Every rose has its thorn and Fix is full of them.”

 

Fix shows that Camille found a kinship in Alice, as she did with Marian and that she is trying to rebuild with Amma, but she is both scared of the girl (and who wouldn’t be? She is kind of rotten) and what the consequences of that relationship would be. Camille could not save Alice or Marian. Could she save Amma or does she need to be protected from Amma? Who would suffer in the end? The same applies to Adora and the way she treats Amma differently from how she treated Camille. She was a little more careless in her motherly duties to Camille and now detests the person her older child is, so she tries a different approach by smothering Amma in an attempt to raise the perfect daughter. Though Amma succumbs to being a crude brat now and then, she often resorts to confiding in Camille wanting a relationship or so it may seem.

Every rose has its thorn and Fix is full of them. If the symbolism was not more transparent our fingers would be bleeding at their tips. Camille is denied the thorny roses Adora and Alan bring her in rehab, Amma crashes the family golf cart into her mother’s rose bushes in the garden, and Adora cuts her hand while tending those roses in the garden. It’s a goldmine of symbolism suggesting that beautiful things can have dangerous blemishes, all that appears perfect can have undetectable defects, and what looks harmless can be tragically fatal.
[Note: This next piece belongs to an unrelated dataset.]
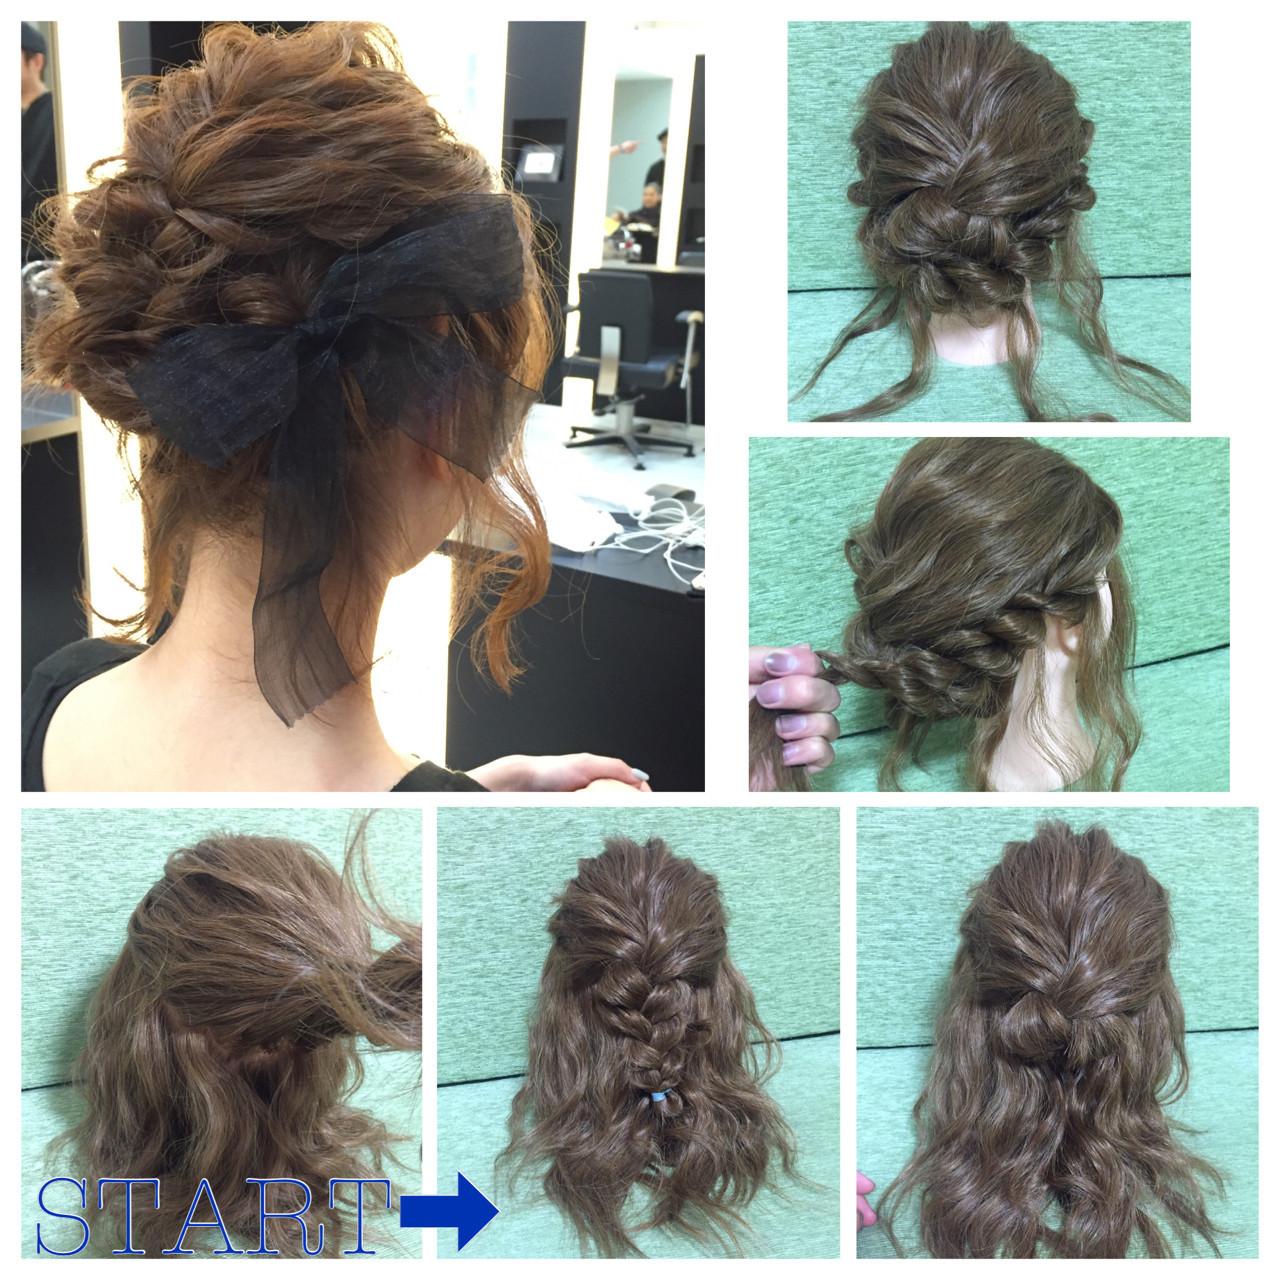 ガーリー 三つ編み ヘアアレンジ 編み込み ヘアスタイルや髪型の写真・画像

These three central characters, these women struggling with their archetypes’ inevitable flaws, are ultimately just trying to right the wrongs of their existence. Episode three is an analytical focus on how each of them are trying to fix the others. If you think this flower of a show has wilted in any way, please keep a firm grasp on the stem, but not too tight! The sharpest of thorns is about to cut very deep.

What does all of this have to do with the two murdered girls? We have not forgotten them. All the connections will begin to come to fruition next Sunday with Sharp Object’s fourth episode, Ripe, on HBO.